Berg was first published by Calder in 1964 and Quin has ordinarily been associated with the group of avant-garde British novelists that emerged in the postwar period, along with Christine Brooke-Rose and BS Johnson. This new edition, published by And Other Stories, following on from their excellent volume of Quin miscellany The Unmapped Country, constitutes the first UK publication of the novel in half a century. The premise, as we have seen, is simple: Alastair Berg, alias Greb, lumbers around a dilapidated seaside resort plotting to kill his father, Nathaniel, and/or seduce Nathaniel’s mistress, Judith. One drunken evening he finds his courage and commits the murderous act (an act left conspicuously absent from the text), wrapping the body in a rug. Despite this, traces of his father remain and it soon becomes apparent that the corpse is not all that it appears. A series of strange, disturbing, and often exceedingly funny events ensue.
What Quin achieves with the novel is anything but simple. Her writing is driven by a concern with the instability of identity and its relation to the transformatory space of fiction, a concern she explores through the mechanisms distilled in the book’s opening lines: disguise, overturning, bleakness, absurdity and black humour. Doubling and re-doubling are everywhere in Berg and acts of finality or resolution repeatedly come undone. A dead bird is buried and then dug up. Plans of escape are formulated and then abandoned. A corpse is disposed of and returns. Tissues of falsehood are constructed and destroyed. Business is always left unfinished. This power of transformation lends the novel a mythic/tragic quality, albeit one played out in a dirty landscape of murk and poverty.
Berg is an Oedipal figure: seeking revenge on his father whilst having sexual fantasies about his father’s lover, herself a stand-in for Berg’s own mother, Edith, two voices which are drawn increasingly close together as the novel progresses. However, where Oedipus was undone by a relentless striving for truth (a search which fulfils the prophecy it expressly sought to avoid) here the narrative has become degraded and any idea of truth has long departed, leaving behind only restlessness and failure. This restlessness is reflected at the level of the text. Quin’s prose does not so much flow as coagulate, clumps of tightly bound images press and weigh on one another with a stuttering exigency and dissolutive force. Under this pressure, language too is forced into a state of uncertainty where words no longer mean quite what they did, or else begin to tear under the strain of trying to mean too many things at once. Words contaminate one another, their proximity at once overlapping and undermining each other’s presence.
The doublings and falsehoods in Berg constitute a material presence of the imaginary, drawing attention to the fictional terrain on which they exist.
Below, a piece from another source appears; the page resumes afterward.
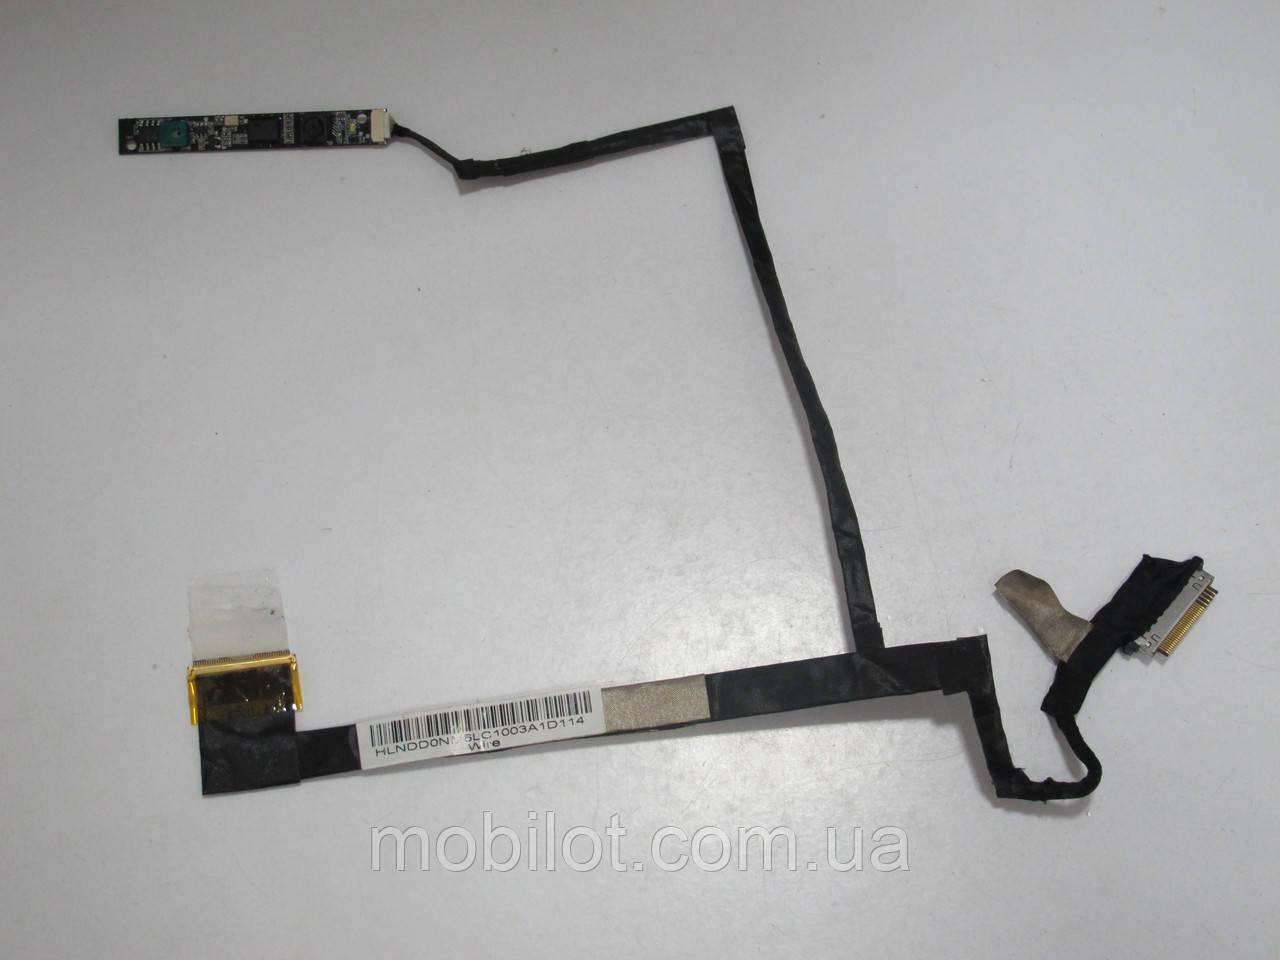 Шлейф матрицы HP mini 210-1090 (NZ-6987)

It is a plane on which permanence can find no foothold, where form is always undergoing metamorphosis yet the language through which that re-shaping occurs is itself dissolving, collapsing, peeling away: a transformation “held occasionally in suspense”. Most illustrative in this regard is the treasured dummy owned by Berg’s father, who has designs on becoming a ventriloquist. Home-made and dressed in one of his best suits, the dummy is both a lifeless simulacrum of Berg his son, and of himself (resulting in confusion over whether the murder victim Berg has wrapped up in a bundle is his father or this rubbery creation). The dummy then is not only the totemic figure for the varying bleak, humorous, absurd components of the novel, not only testament to the failed plot of Berg/Greb, it is an expression of the failure of the literary work itself, of literature’s attempted imitation of life. The ventriloquist’s dummy is an inert object given the power of speech; this transformation however is an illusion, its words belong to another, its voice is a voice from elsewhere.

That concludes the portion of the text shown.